# [TASK TO COMPLETE]
The answer must consist only of the lines in the records below from the line with "Download wallpaper 1920x1080" to the line with "Green Suede High", both included, copied word for word with every picture left out.
── SUPPLIED MATERIAL
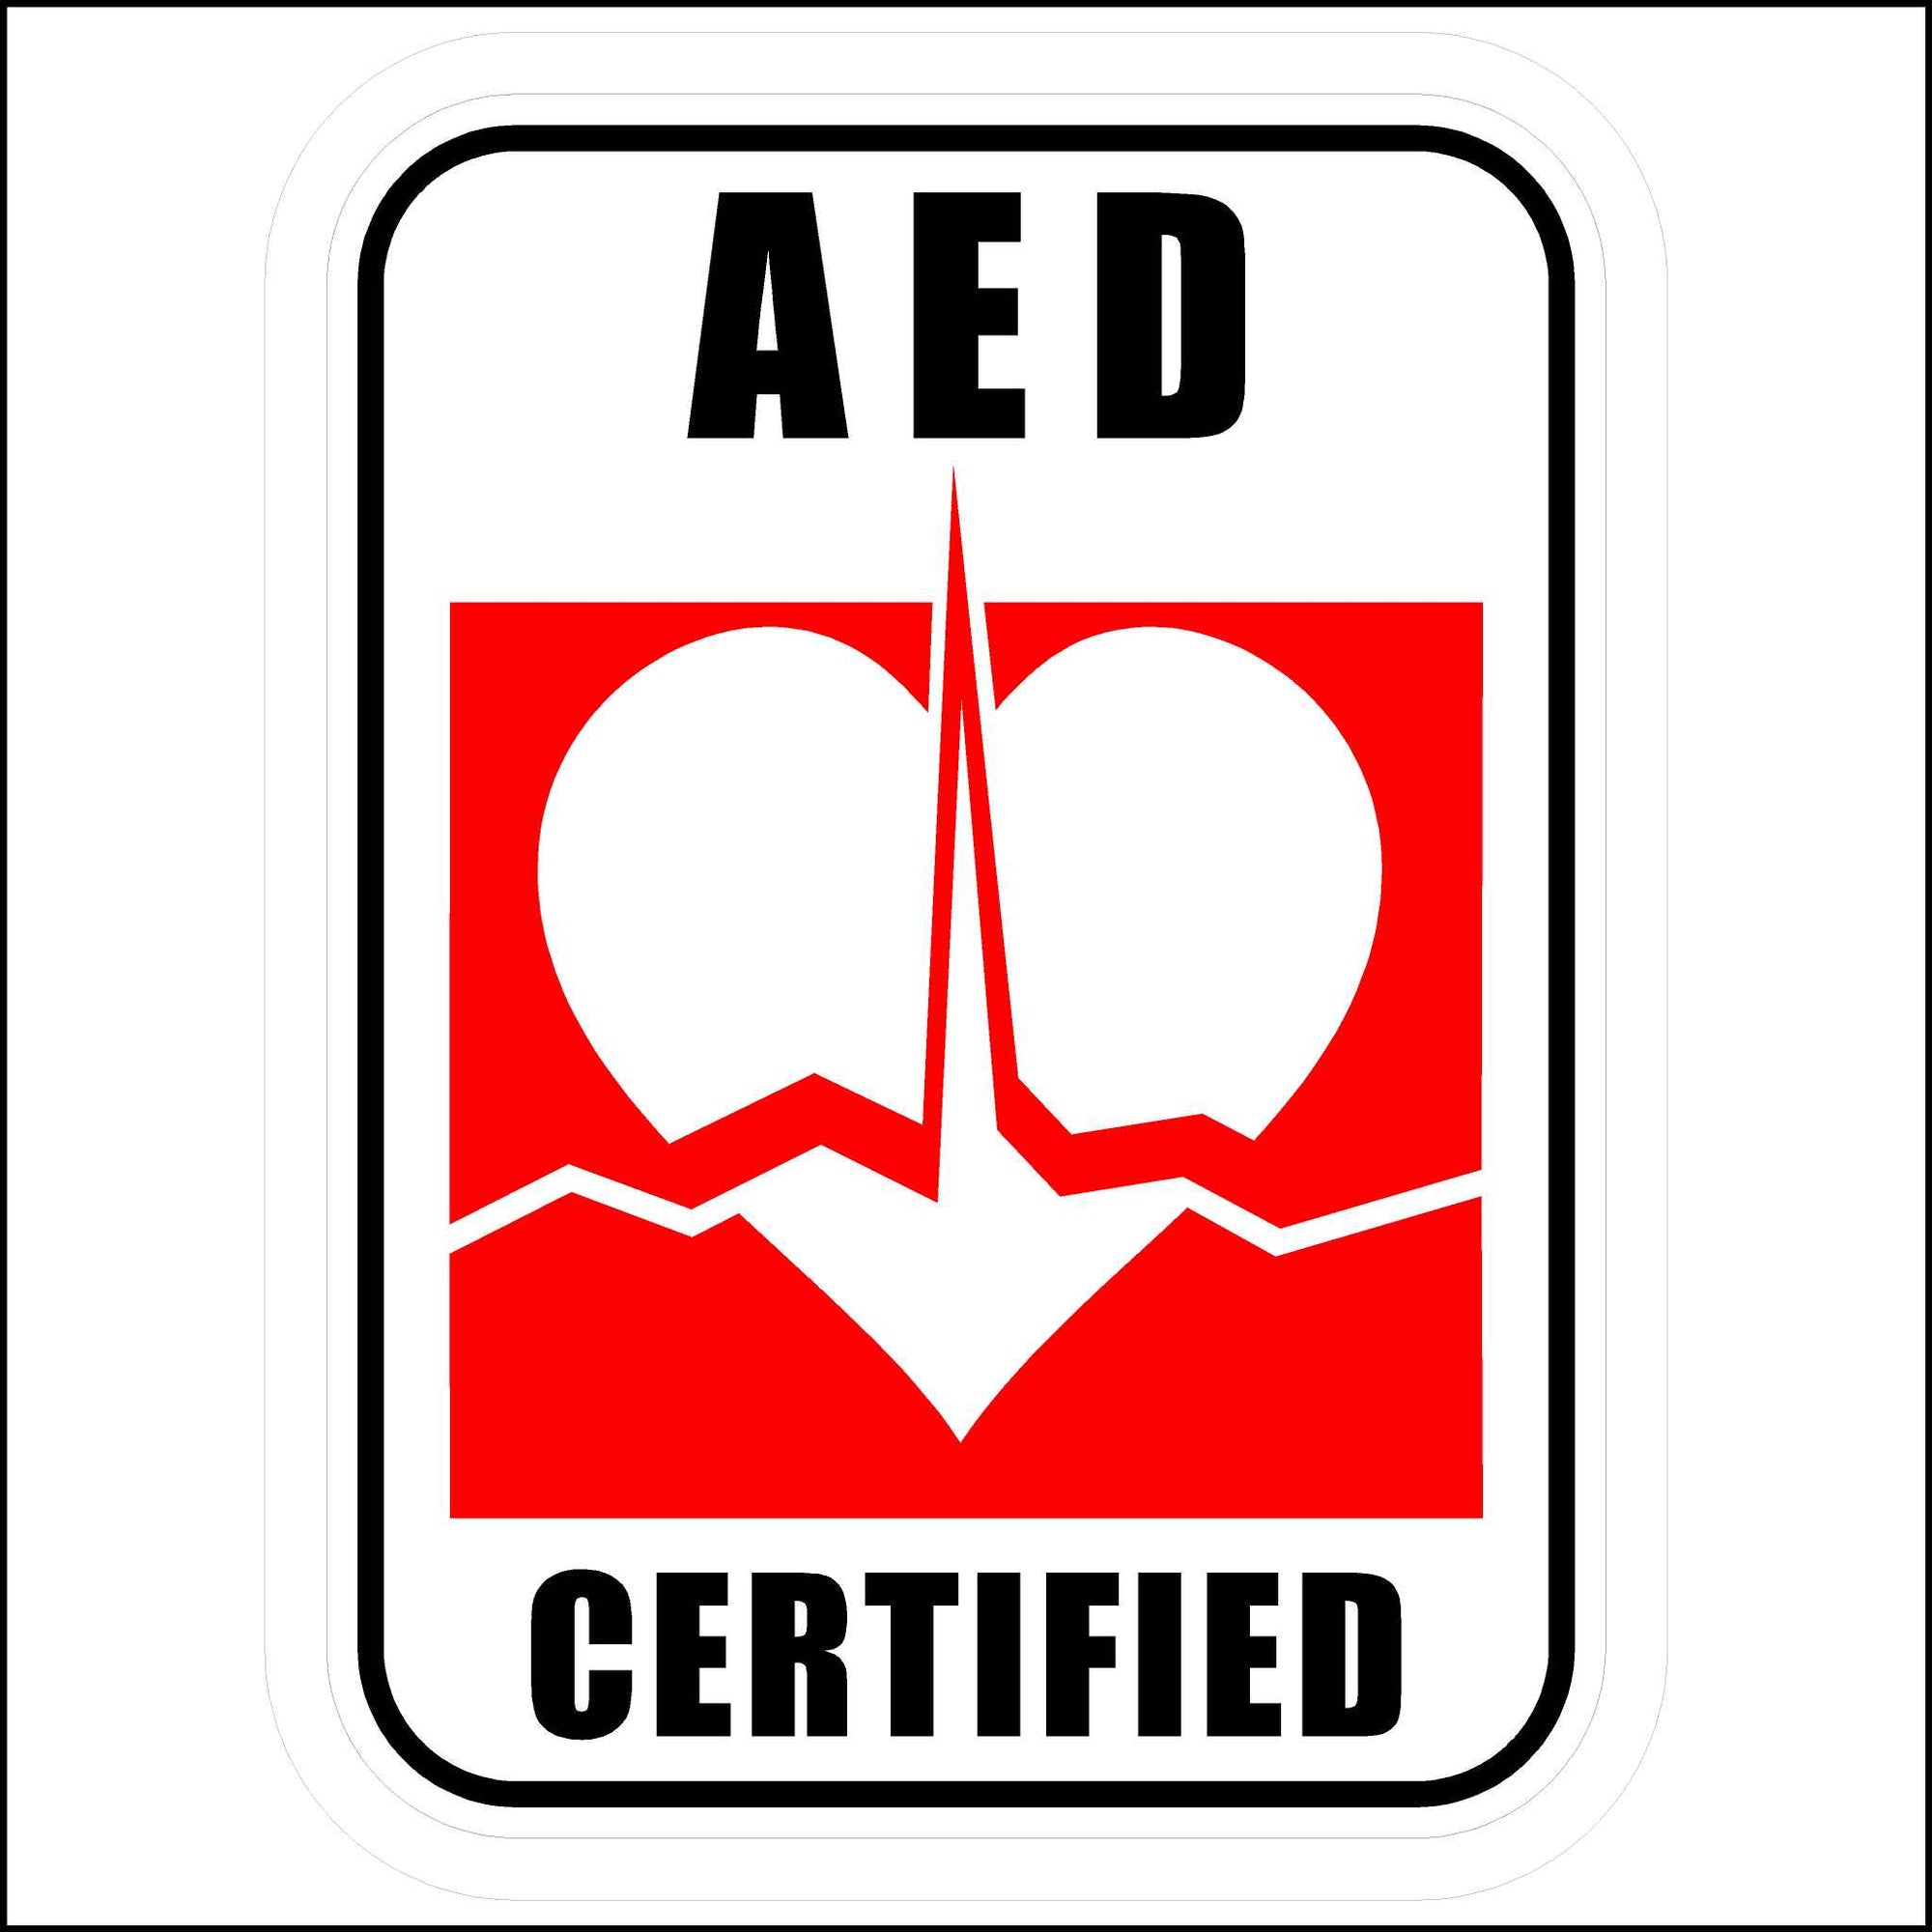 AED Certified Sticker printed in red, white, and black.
────
── SUPPLIED MATERIAL
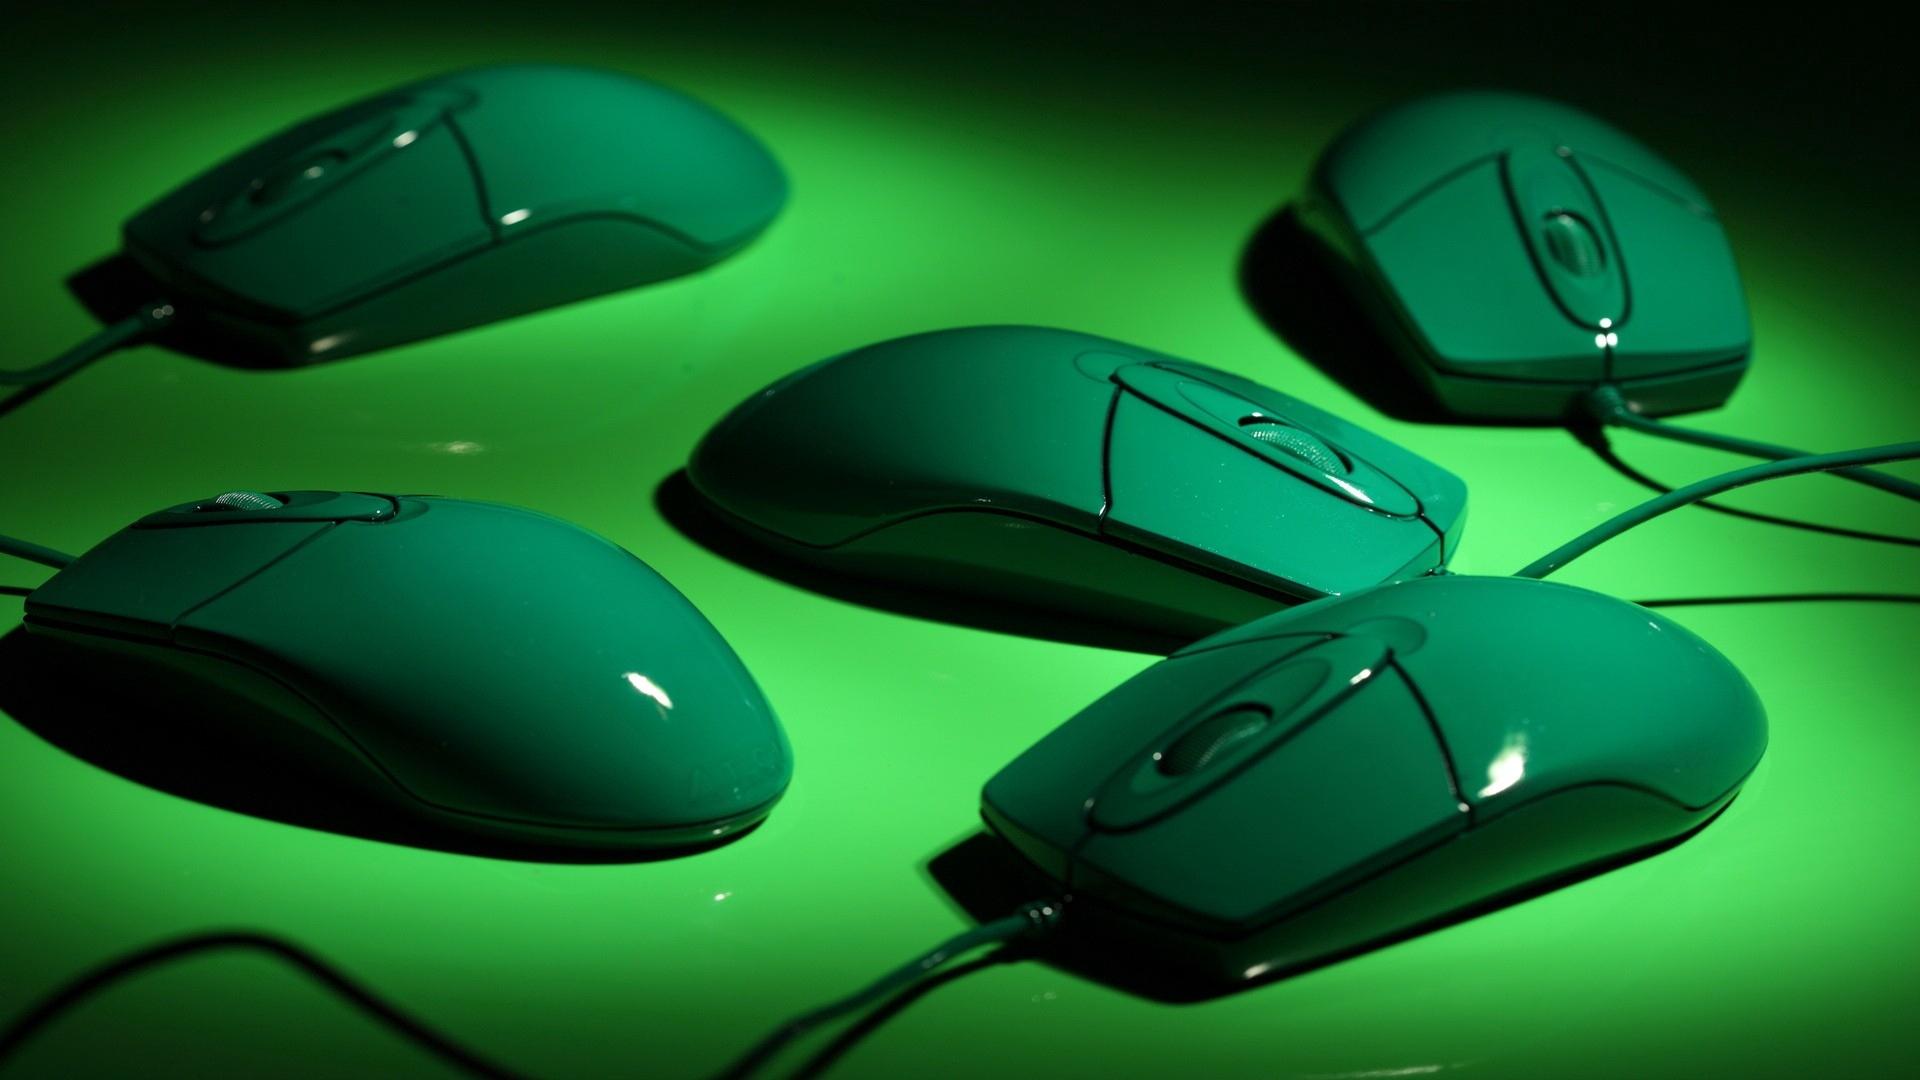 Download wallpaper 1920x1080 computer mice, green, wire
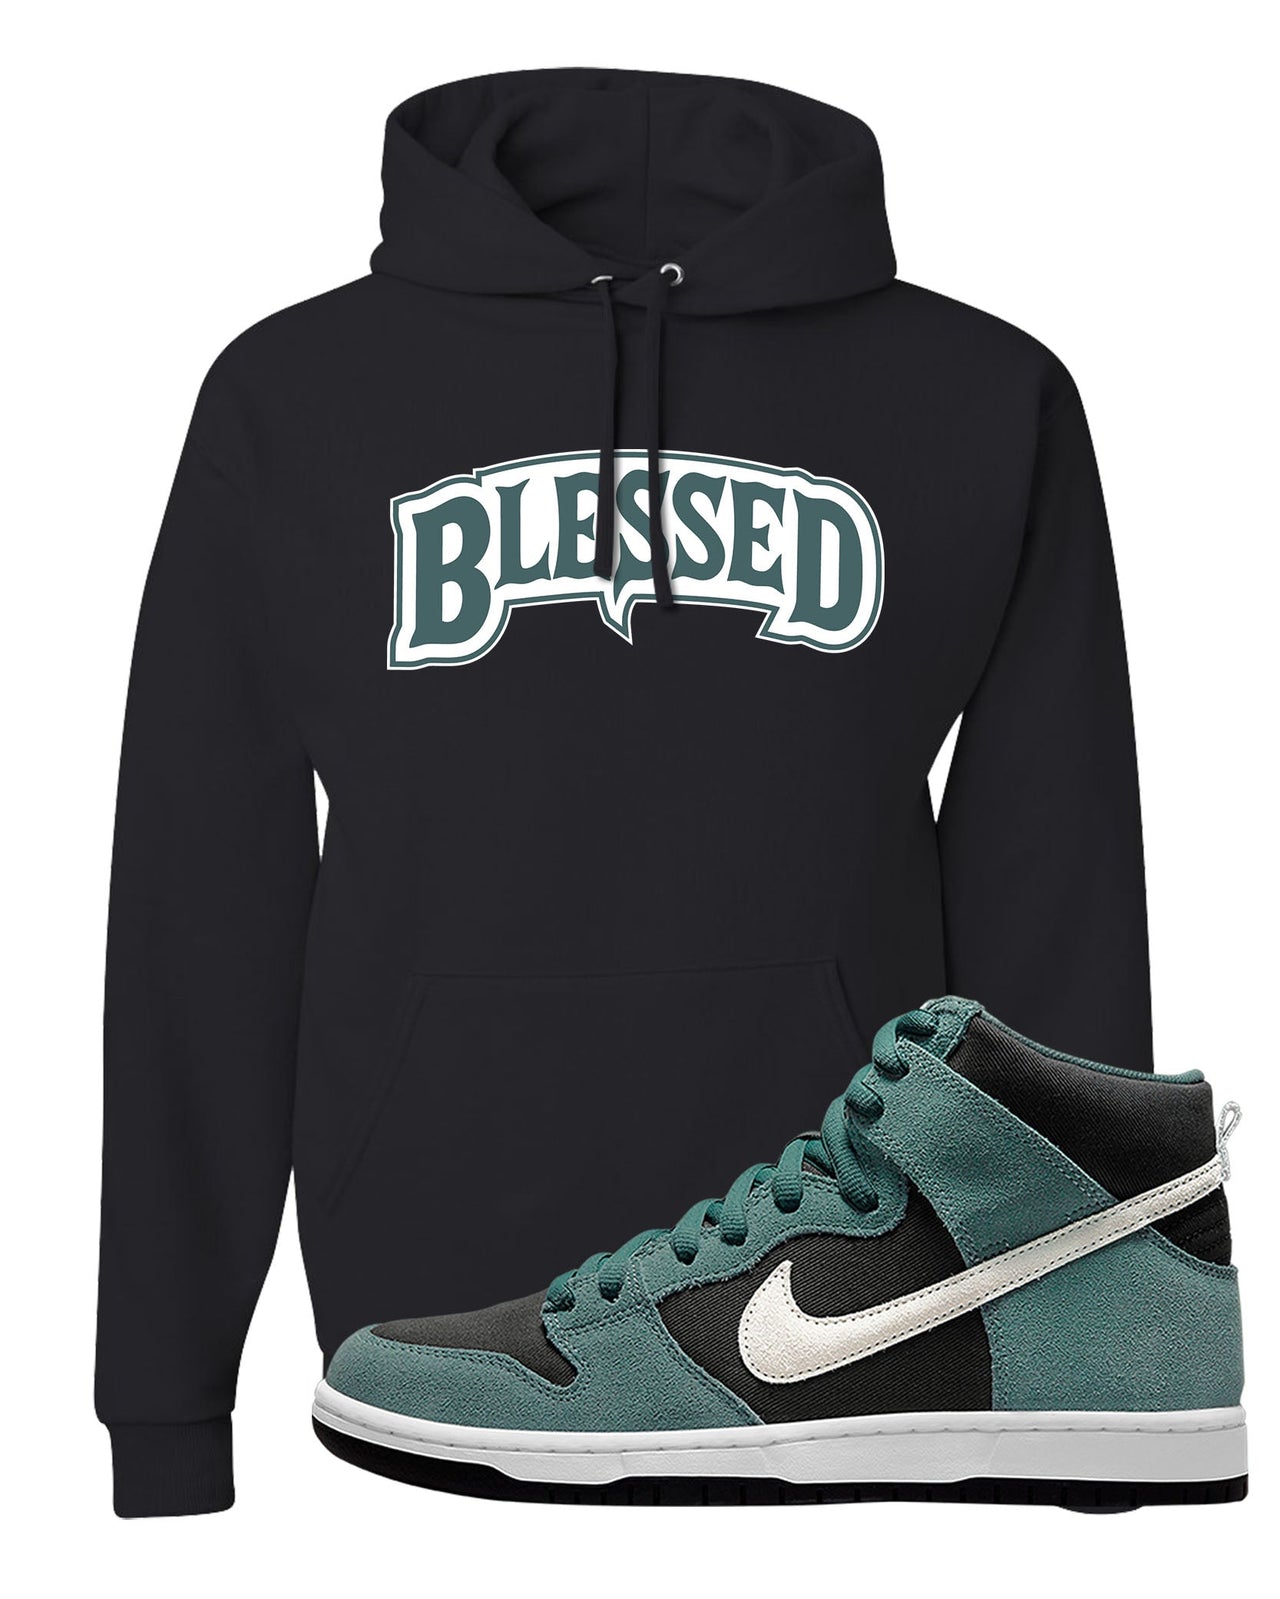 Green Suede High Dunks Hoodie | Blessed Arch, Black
────
# [OUTPUT BELOW]
 Download wallpaper 1920x1080 computer mice, green, wire
 Green Suede High Dunks Hoodie | Blessed Arch, Black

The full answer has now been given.